In the copy, include no pictures. Reproduce the rest of the entries exactly.

[RECORDS FOR THIS TASK Boundary: Start]

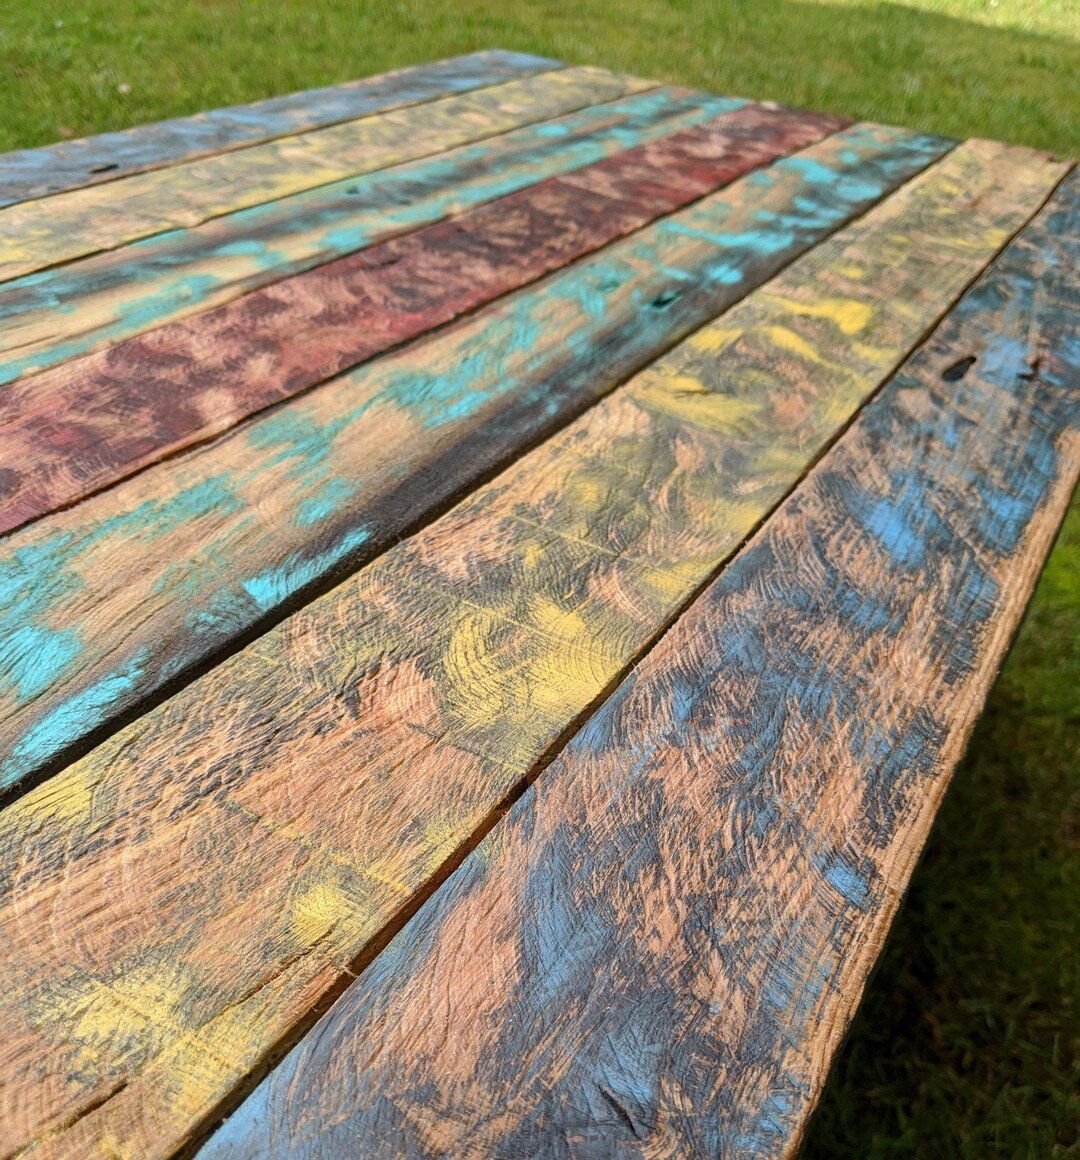 We loved how this custom project turned out so we decided to make it a limited offering on our Etsy page (and soon to be added to our website). Let us know what you think! ⠀
.⠀
.⠀
.⠀
#reclaimedwood #salvaged #reuse #shoplocal #choosereuse #customfurn

[RECORDS FOR THIS TASK Boundary: End]

# TASK RESULT:
 We loved how this custom project turned out so we decided to make it a limited offering on our Etsy page (and soon to be added to our website). Let us know what you think! ⠀
.⠀
.⠀
.⠀
#reclaimedwood #salvaged #reuse #shoplocal #choosereuse #customfurn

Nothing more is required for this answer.